Türkiye'de temel hakların Kürt sorunundan bağımsız ele alınmayacağını vurgulayan Mızrak, "Türkiye'deki asıl sorun Kürt sorunudur. Osmanlı'nın son dönemleri ardından İttihat Terakki zihniyetinin Cumhuriyet'in kodlarıyla şekillendirildiği bir süreçle başlayan, hakim ulusun, dinin, mezhebin esas alındığı bir Türklük Sözleşmesi'nin sonuçlarıdır. Şu anki süreçte tartıştığımız konuların temelinde aslında Kürt sorununun bu kodlarla hareket eden yansımaları var. Bu kodların aslında Türkiye'nin oluşturmuş olduğu yasalara da sirayet ettiğini görüyoruz."

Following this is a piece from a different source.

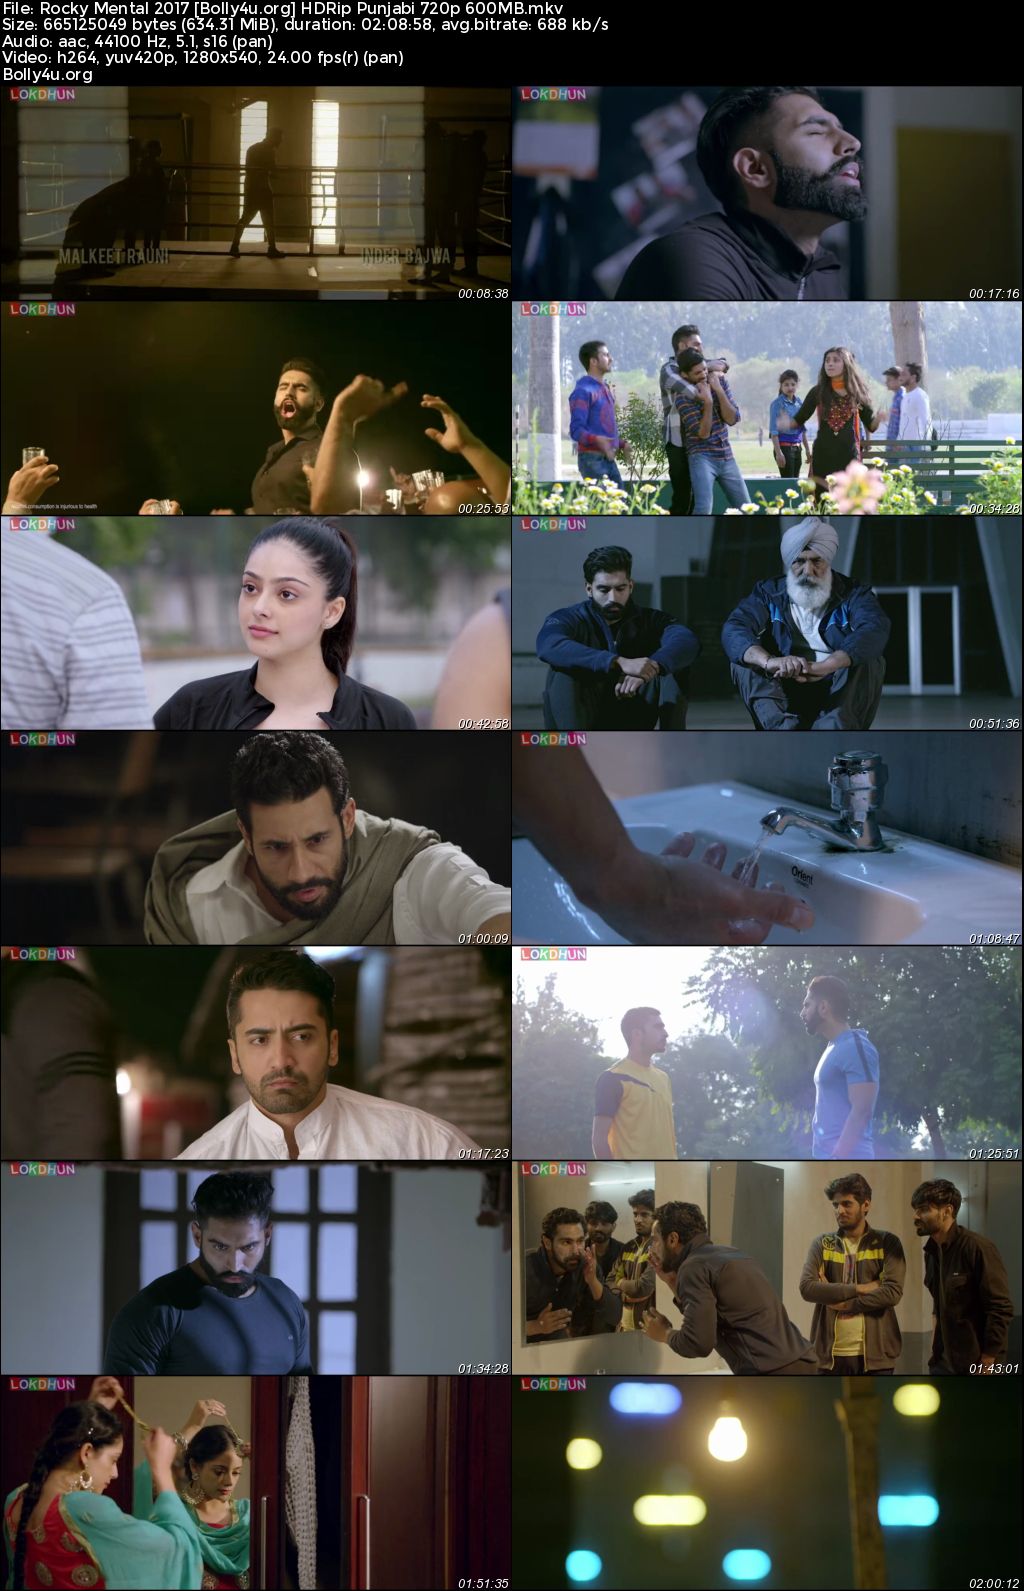 Rocky Mental 2017 HDRip Punjabi Full Movie Download 720p 480p

'ÖCALAN'IN FİZİKİ KOŞULLARI UYGUN HALE GETİRİLMELİ'
Yıllarca kendilerinin tecridi dile getirdiğini, Bahçeli'nin açıklamalarıyla da tecridi kabul ettiğini ifade eden Mızrak, sözlerini şöyle sürdürdü: "Hukuk tanımazlık sadece bir yerle sınırlı olmuyor. Bugün AİHM'nin kararlarının uygulanmamasının hem siyasi hem ekonomik sonuçları olabiliyor. Bugün İmralı'da Sayın Öcalan ve arkadaşları üzerinde uygulanan tecridin, topluma da çok yönlü bir yansımaları oluyor. Bu noktada yeni başlayan bir süreç var, ancak tecridin halen devam ettiğini görüyoruz. Evet, 2 görüşme yapıldı, ancak Sayın Öcalan ve arkadaşlarının aileleriyle, avukatlarıyla, telefonla görüşme ve diğer hakları engellenmiş durumda. Kürt sorununun demokratik barışçıl yöntemlerle çözülmesi için iki tarafın da eşit şartlar etrafında bir müzakere yürütmesi lazım. Bu noktada bu tecrit koşullarında da sağlıklı bir süreçten bahsedemeyiz. Bu sürecin sağlıklı bir şekilde yürütülebilmesi için Sayın Öcalan'ın fiziki koşullarının da uygun hale getirilmesi gerekiyor."
'HERKESİN SÜRECE ORTAK OLMASI LAZIM'
Tecridin kaldırılması, umut hakkı kararının uygulanması ve Kürt sorunun barışçıl, demokratik yöntemlerle çözülmesi adına herkesin üzerine sorumluklar düştüğünü ifade eden Mızrak, şunları söyledi: "Bu süreç sadece AKP, MHP ve DEM Parti üzerinden gelişebilecek bir süreç değil. Toplumun tüm kesimlerinin siyasi partilerin, meslek gruplarının, sivil toplum örgütlerinin ve geniş kesimlerin bu sürece ortak olması gerekiyor. Şunu da iyi bilmemiz lazım; iktidarlar devletler genel itibariyle barışçıl bir çözümden yana olmazlar. Halkların biraz daha zorlaması, demokratik tepkilerini koyması üzerine yapmak zorunda kalırlar. Dolayısıyla bu süreci sadece partiler arasındaki görüşmeler üzerinden tutmamak lazım. Hem Türkiye'deki kamuoyunun hem uluslararası kamuoyunun bu anlamda barış hakkını da önceleyen, demokratik bir şekilde bu sorunun çözümünü önceleyen tepkiselliklerini veya taleplerini dillendirmeleri gerekiyor."